You may have heard that Social Security disability hearings are "informal" and "non-adversarial" and therefore, you may conclude that you can easily represent yourself. Here are some problems you should be aware of before deciding to represent yourself.
- Everyone else in the hearing will be a highly trained, experienced professional. The judge will be a highly trained and experienced professional and so will the the vocational witness. If there is a medical expert (ME), the doctor will obviously be well trained. You may be the only person in the hearing who lacks experience, training and familiarity with Social Security's rules, regulations and procedures--a bad spot to be in.
- You will have to prove your case according to the rules and regulations that govern the US Social Security disability program, just as you would have to prove your case in any court of law. There are thousands of pages of rules and regulations. For example: Medical evidence may only come from "accepted medical sources." Some doctor's opinions must be given more weight than others. Not all of your work is necessarily "past relevant work." You may meet a Listing or a Grid Rule, which could mean that you should be approved early in the hearing process. The vocational witness may testify about jobs that no longer exist in the US economy. Or, she may improperly classify your past work, resulting in a Step Four denial.

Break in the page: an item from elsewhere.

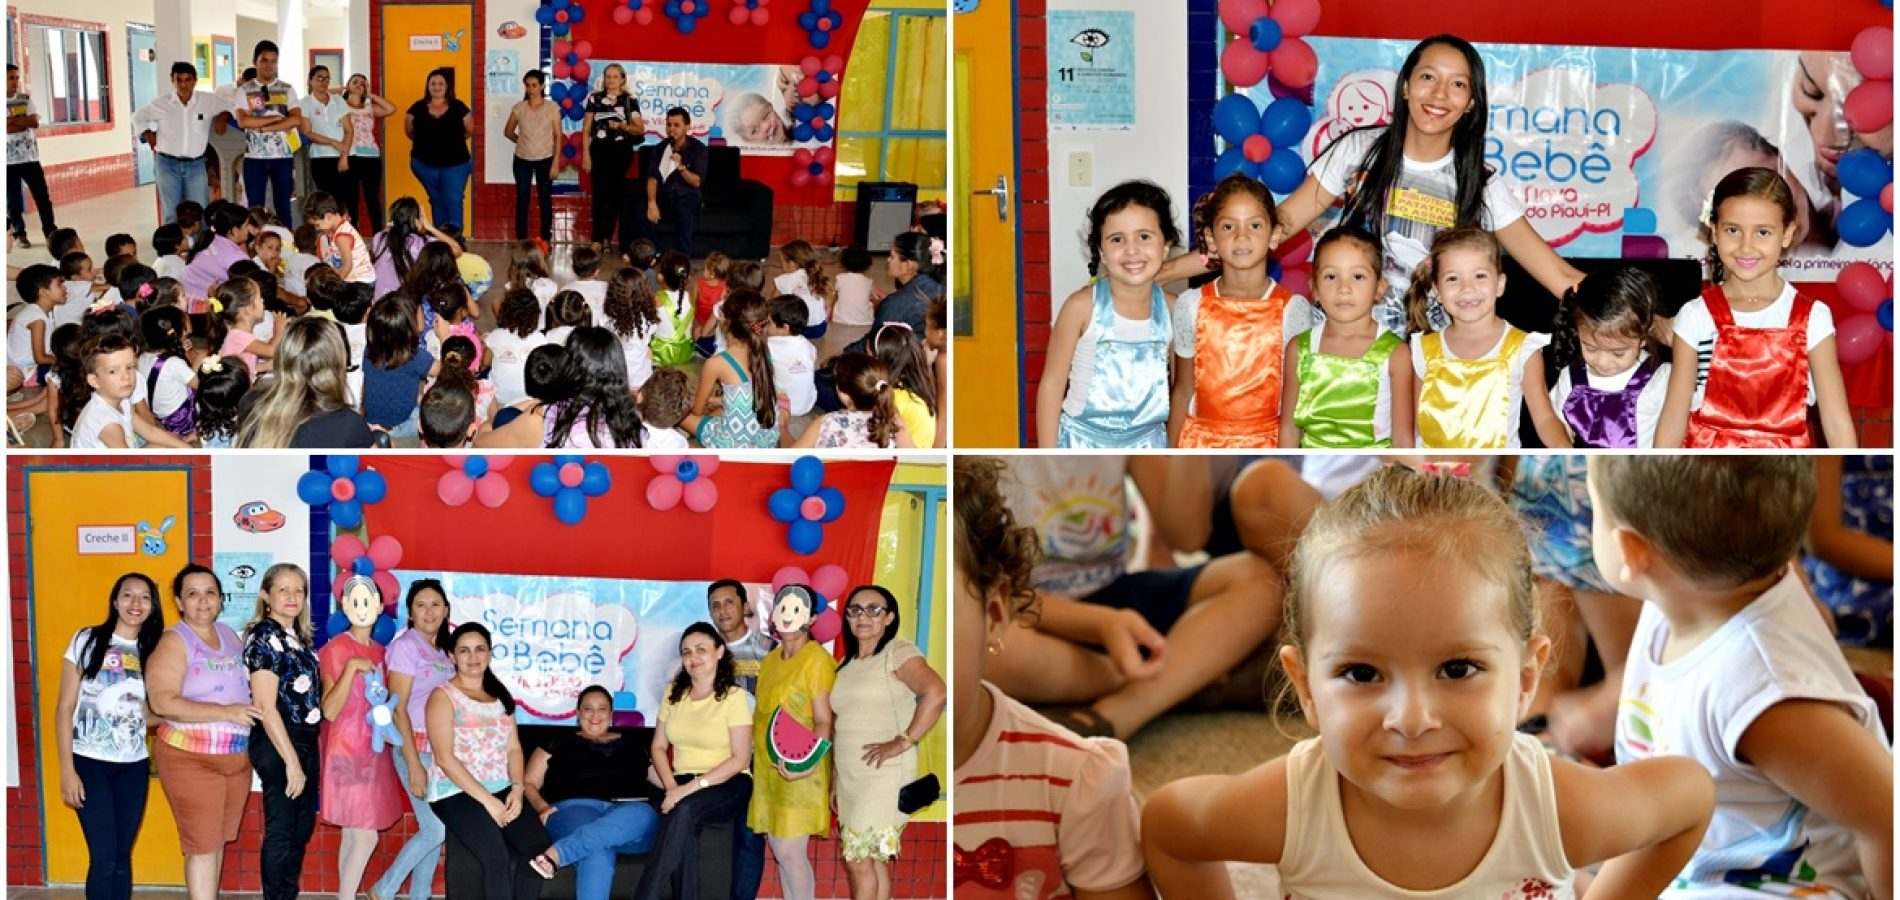 Prefeitura de Vila Nova do PI abre oficialmente a VII Semana do Bebê; veja fotos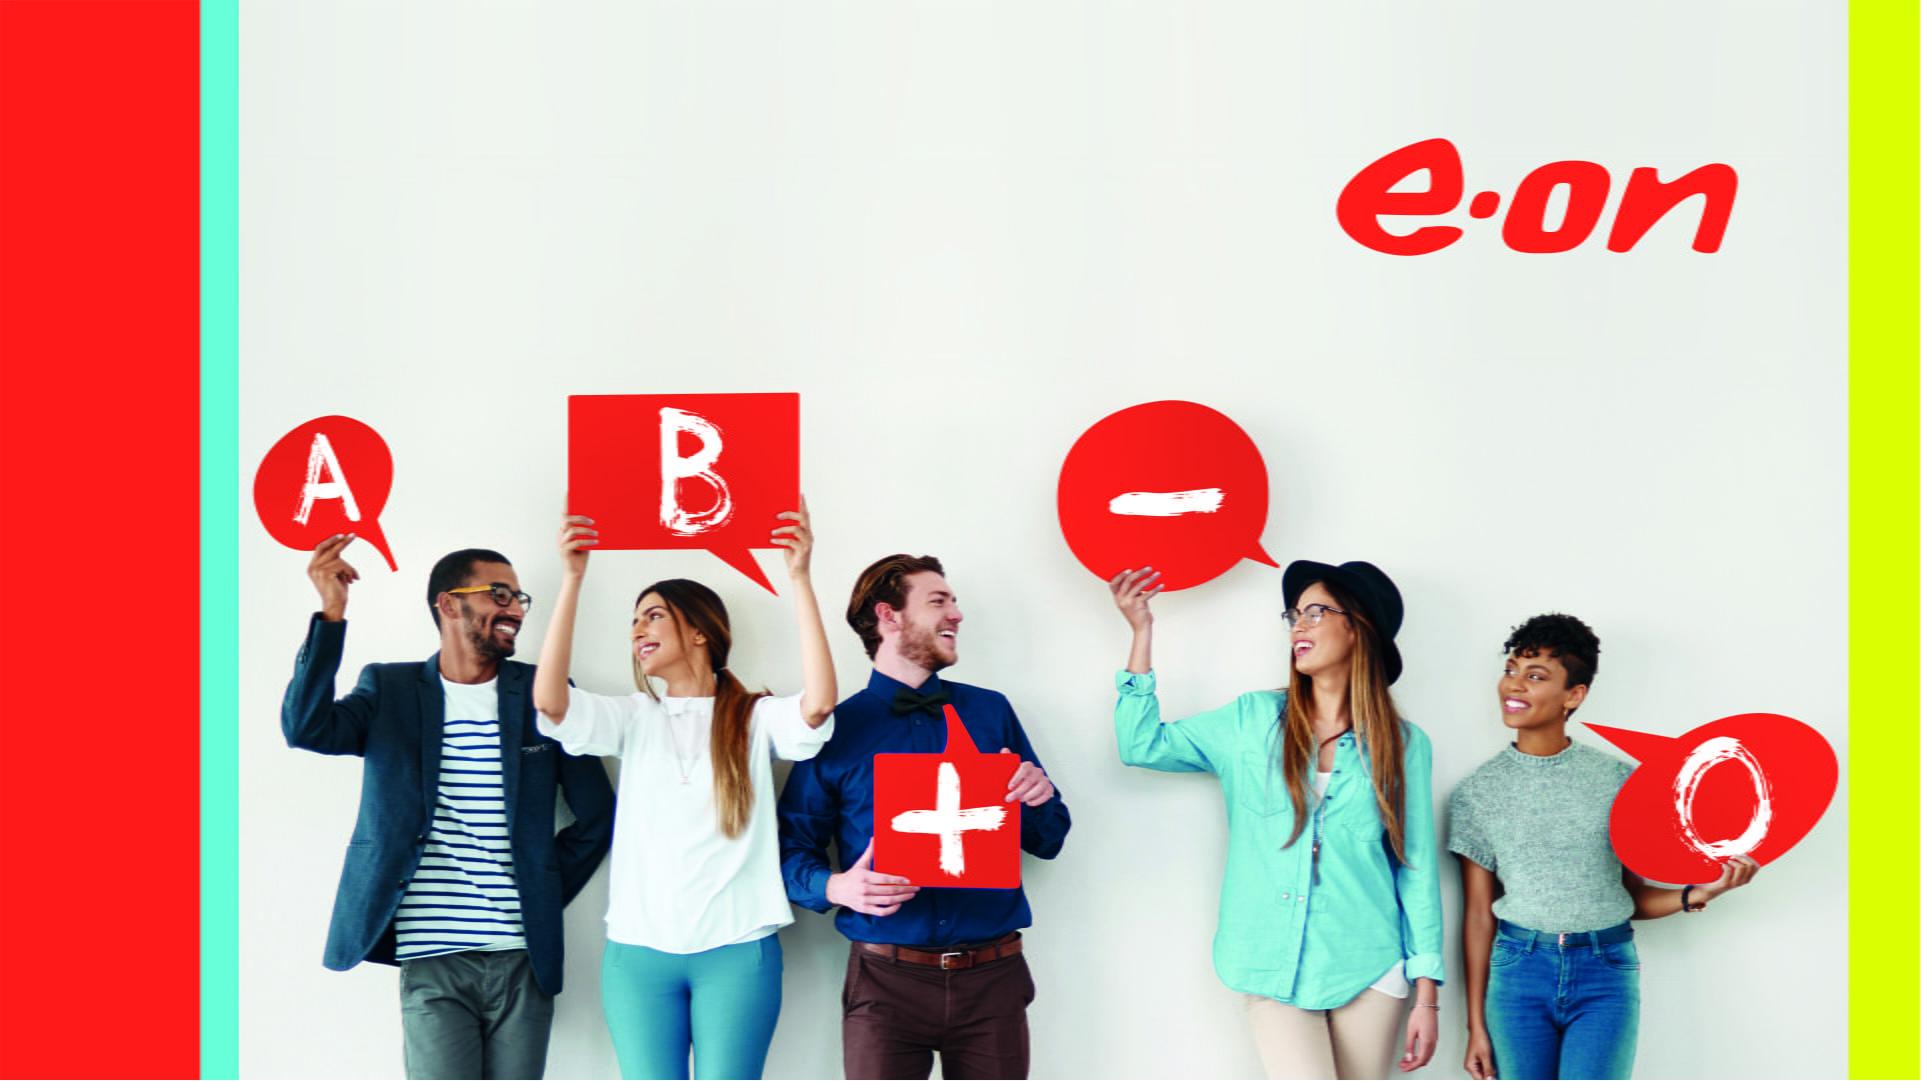 E.ON elimină litera O din numele companiei, pentru a încuraja donarea de sânge

- You will need to know the difference between sedentary, light and medium exertion levels. You should also be able to deal with exertional and non-exertional limitations in function. Do you know that you may still be disabled according to SSA rules even if you can lift up to 100 pounds, stand/walk up to 8 hours a day, and have no limitations on stooping, bending, kneeling, crouching, crawling or reaching?
- You must be prepared to deal with such technical issues as "date last insured" and "alleged onset date." Judges often try to move the alleged onset date forward and this can cost you thousands of dollars in back pay, even if you are approved.
- Failure to use Social Security's rules about absenteeism, concentration, persistence and pace; memory problems, difficulty getting along with others, etc. can snatch a defeat out of the jaws of victory!
- Your answer to an innocent-sounding question may ruin your case. For example, "How much do you think you can lift?" You say, "I think I could lift 50 pounds." That may make you able to perform "medium exertion" and opens up millions of jobs in the US economy that you could perform--and it also sets you up for a quick denial of benefits. A vocational knowledge of "lifting" could save the day because it doesn't mean what you may think it means (and that's not a lawyer's trick, it's in the regulations SSA must follow).